Rabe next starred in The Merchant of Venice, opposite Al Pacino as Shylock, in a performance described as a "smashing break-out". The production transferred to Broadway at the Broadhurst Theater, where it ran from October 19, 2010, to February 20, 2011. For her performance, she was nominated for the Tony Award for Best Actress in a Play. In March 2011, she was cast in the FOX drama pilot Exit Strategy. In July, it was confirmed that FOX had passed on the pilot. Rabe appeared again at the Williamstown Theatre Festival in a production of A Doll's House by Henrik Ibsen, where she played Nora Helmer.

In August 2011, Rabe got her first regular role on a television series, as Nora Montgomery on the FX horror series American Horror Story. She was later cast in the second season as the nun Sister Mary Eunice McKee (which she reprised in the fourth season). For the second season, she was nominated for a Critics' Choice Television Award for Best Supporting Actress in a Movie/Miniseries. She was also cast in the third season as a resurgent witch, Misty Day, a role written for her by co-creator Ryan Murphy. In the fifth season, she was a special guest star in the "Devil's Night" episode, playing Aileen Wuornos. In the sixth season, she had a main role as Shelby Miller. Rabe is one of only three actors to appear in the show's first six seasons. In 2019, for the ninth installment of the show, titled 1984, Rabe returned in the recurring role of Lavinia Richter, a distraught mother who haunts Camp Redwood, an idyllic summer retreat with a history of massacre.

Rabe appeared at the Golden Theatre in the Broadway play Seminar by Theresa Rebeck. Directed by Sam Gold, the cast included Alan Rickman, Jerry O'Connell, Hamish Linklater and Hettienne Park. It opened on November 20, 2011 and closed May 6, 2012. In May 2012, it was announced that Rabe would play actress Mary Pickford in The First, a film based on the book Pickford: The Woman Who Made Hollywood by Eileen Whitfield. She finished work in the Public Theater's production of As You Like It, part of the 50th Season of Shakespeare in the Park at the Delacorte Theatre. She played Rosalind in the production that opened on June 11, 2012, and closed on June 30, 2012. In October 2012, it was announced that Rabe would appear in We're Just Married, a film written by her father and directed by Rodrigo Garcia.
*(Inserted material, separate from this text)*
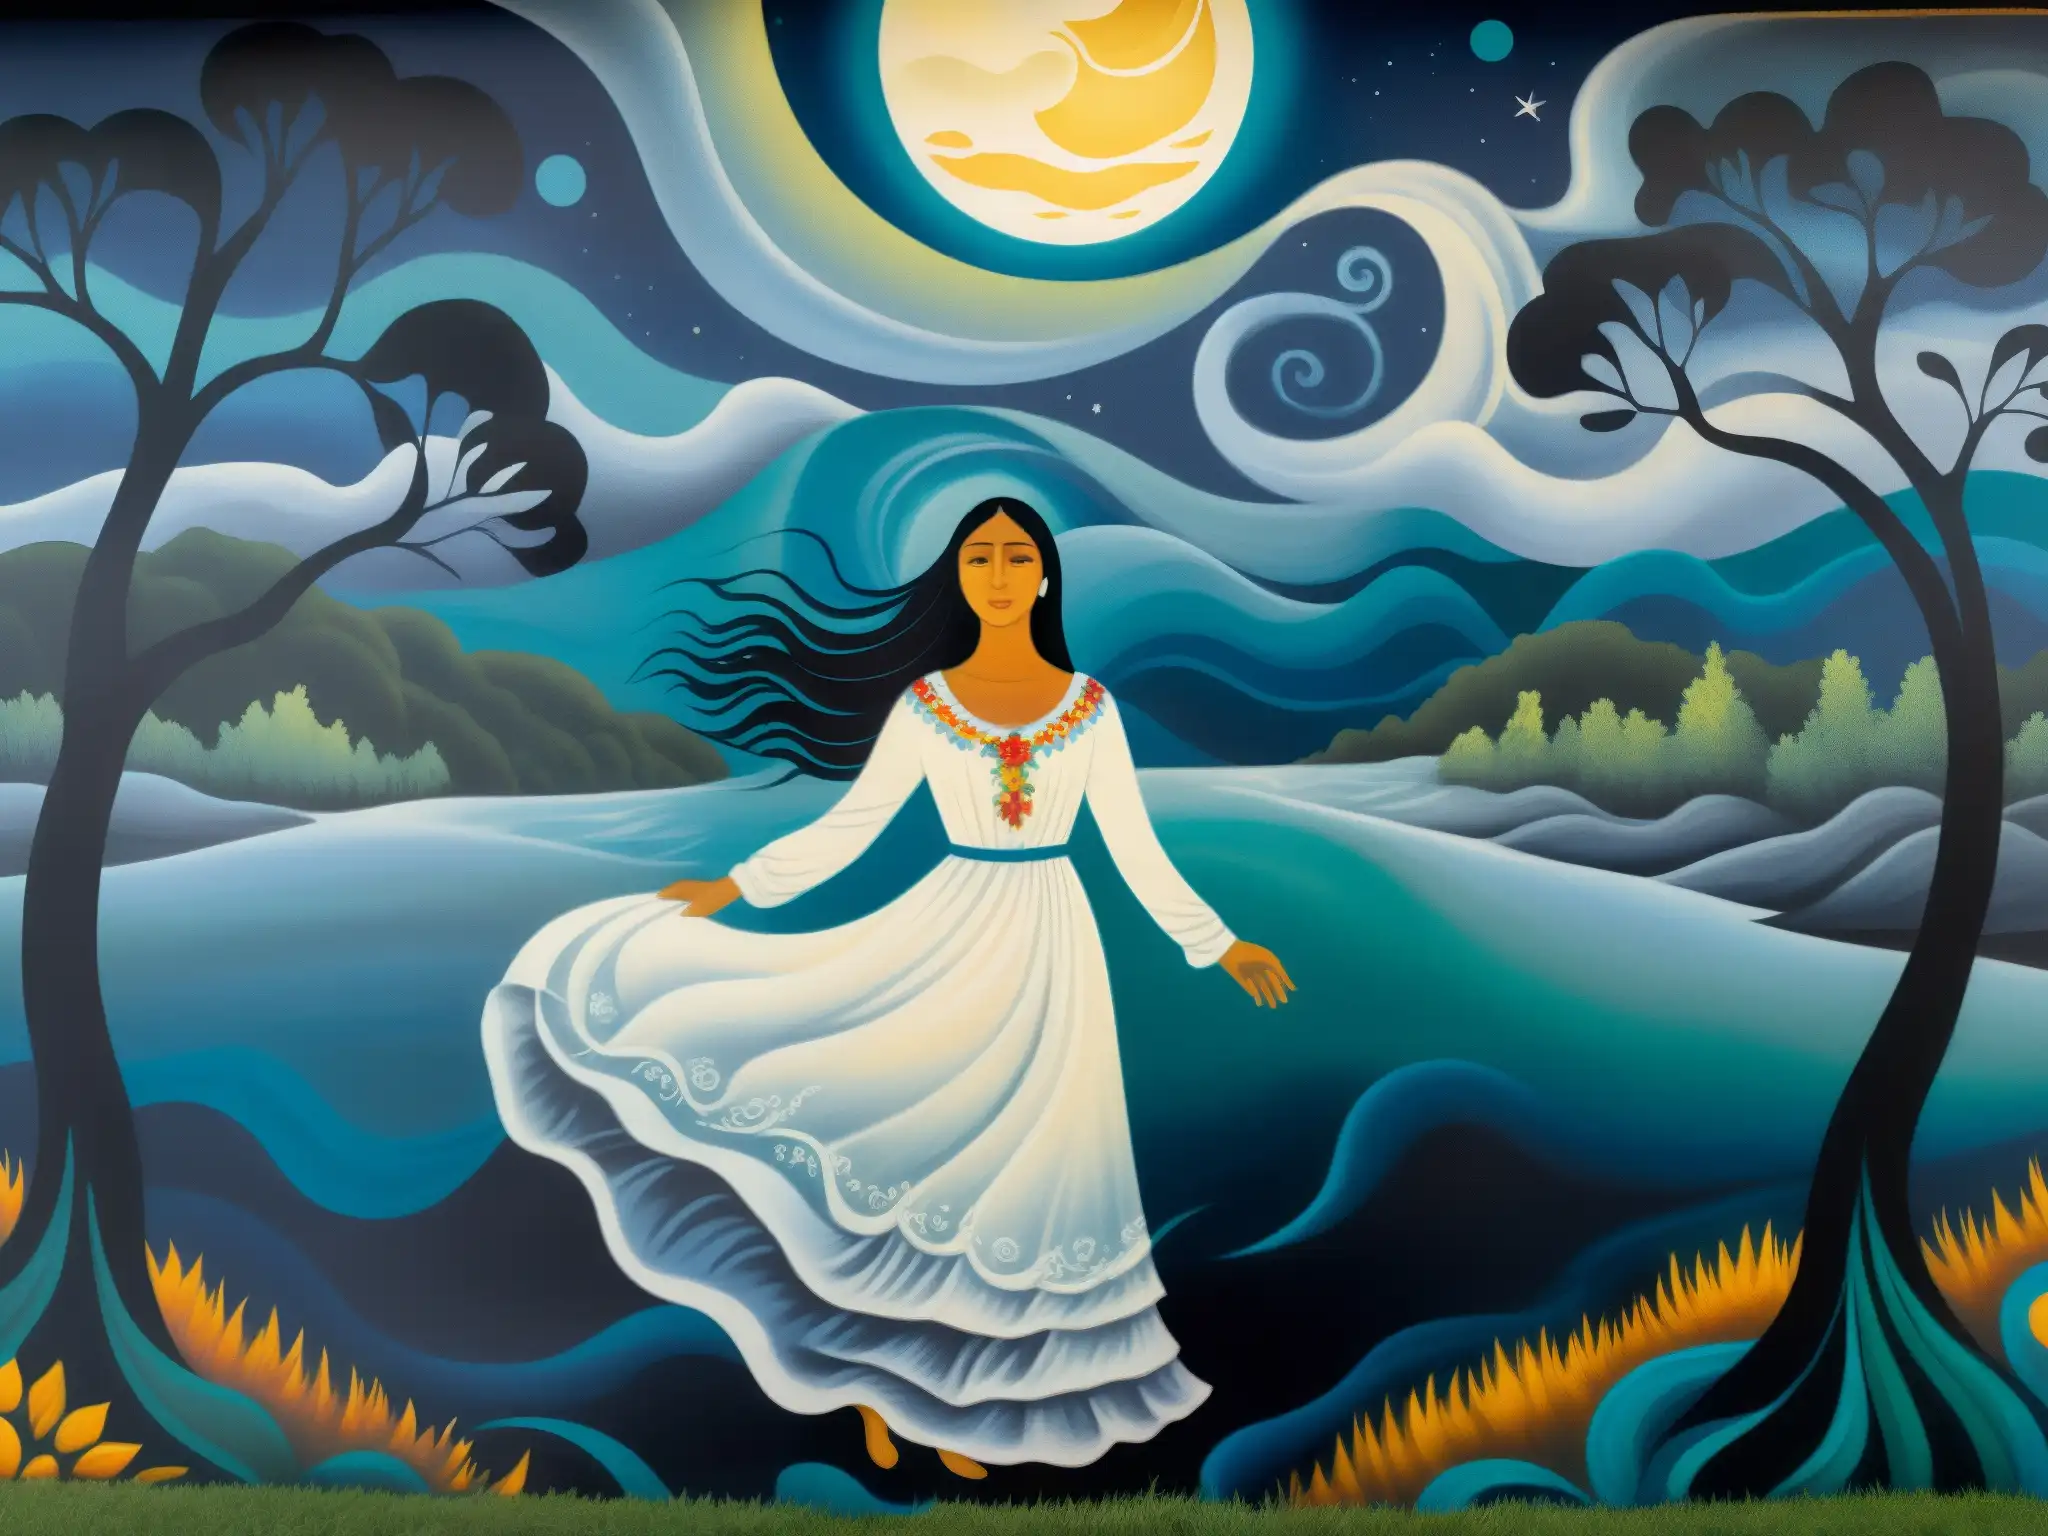 Un mural impresionante que representa a La Llorona vagando por un río iluminado por la luna, con colores vibrantes y detalles intrincados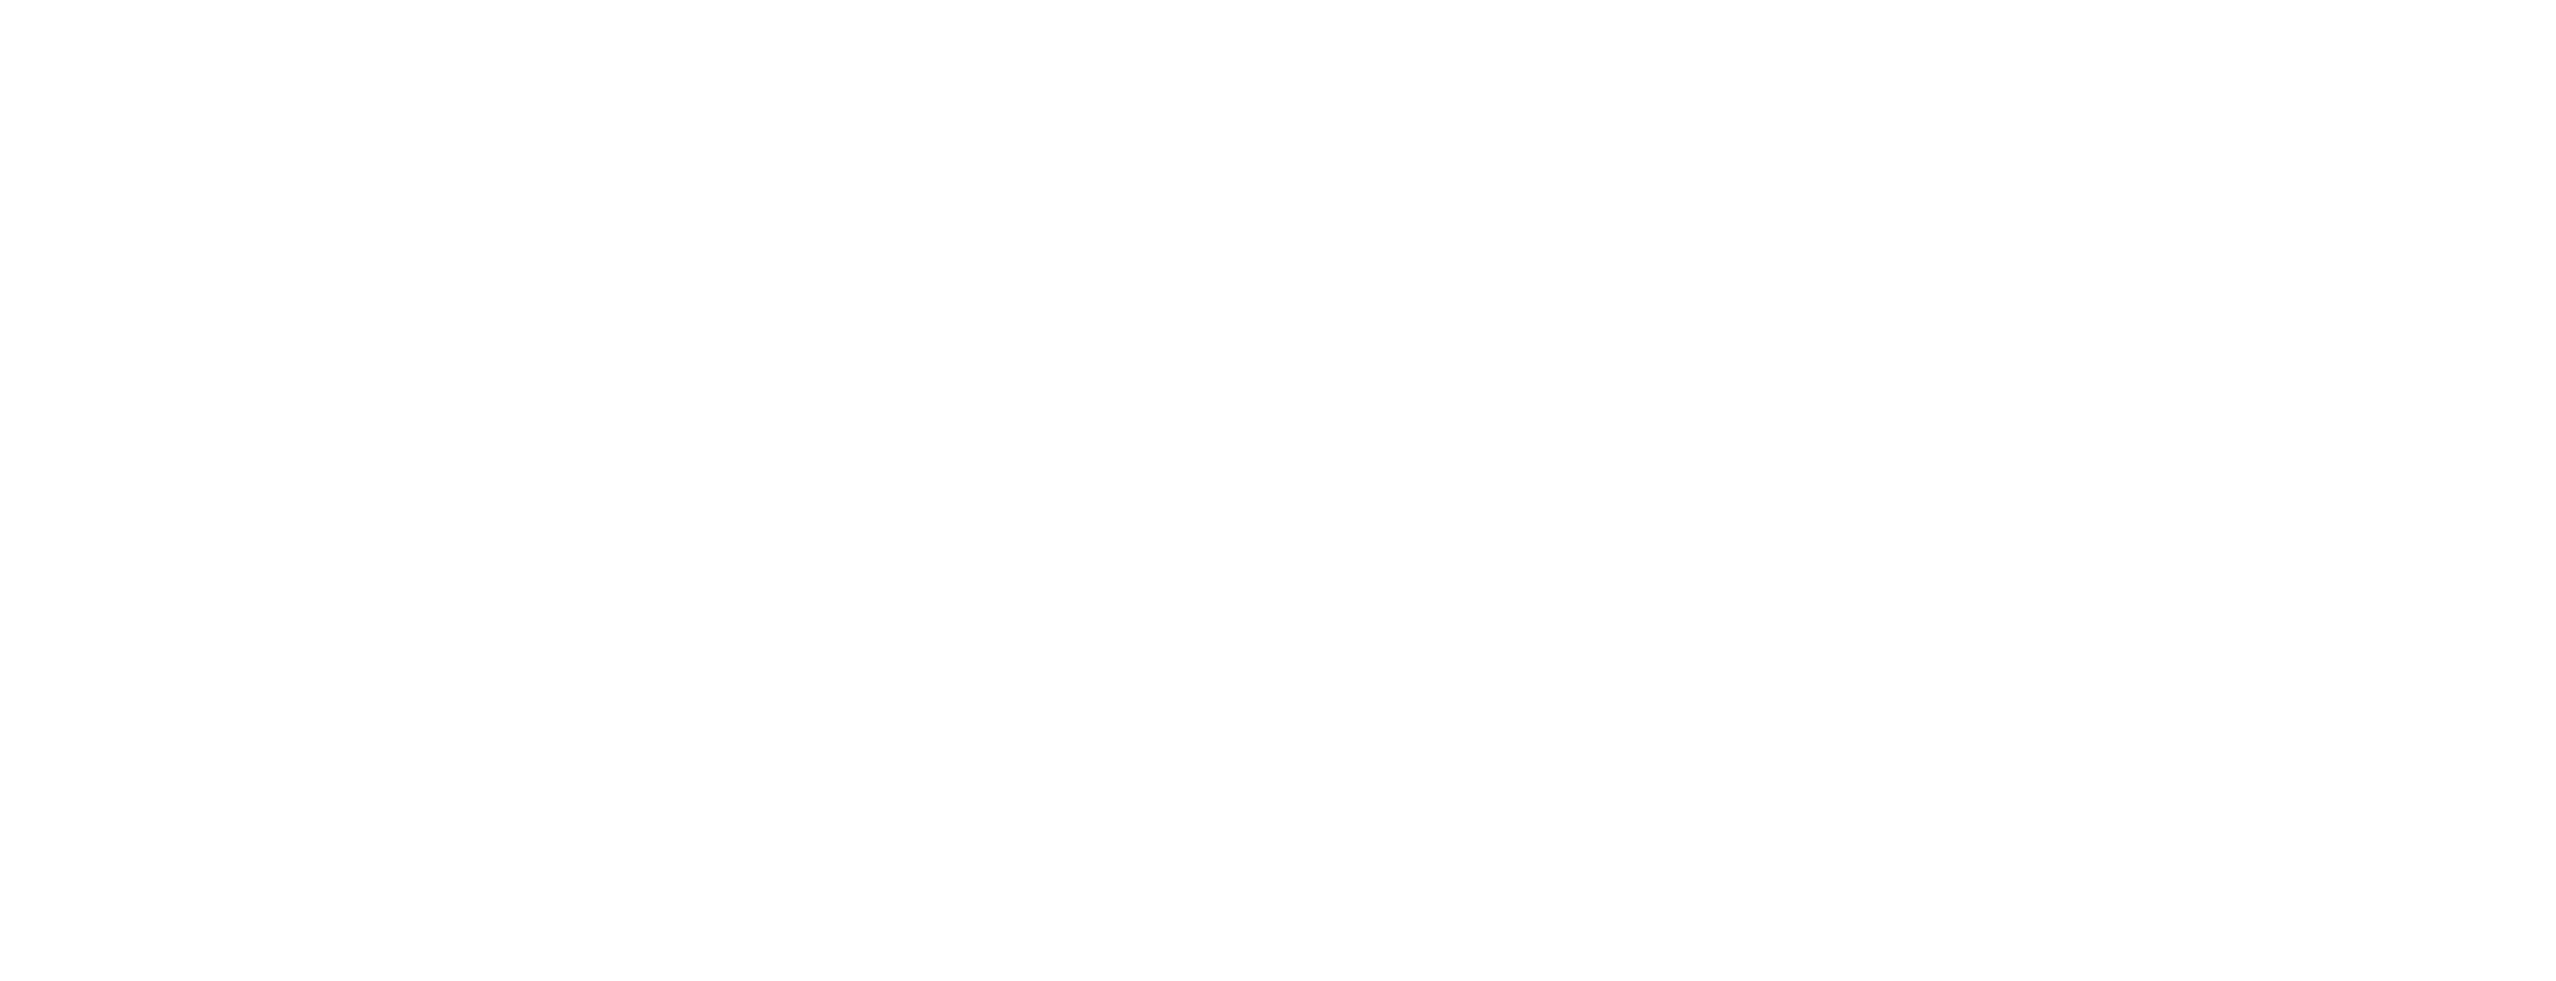 //veinco.com.mx/wp-content/uploads/2018/10/logo_blanco.png

Rabe was also a producer on the film. In May 2013, she made her Los Angeles stage debut in Miss Julie by August Strindberg, adapted and directed by Neil LaBute. In September 2013, she was cast as Commander Lyme in The Hunger Games: Mockingjay – Part 1 and The Hunger Games: Mockingjay – Part 2, the final two installments of The Hunger Games film series, based on the novels by Suzanne Collins. She was later replaced in the films by Gwendoline Christie due to a scheduling conflict.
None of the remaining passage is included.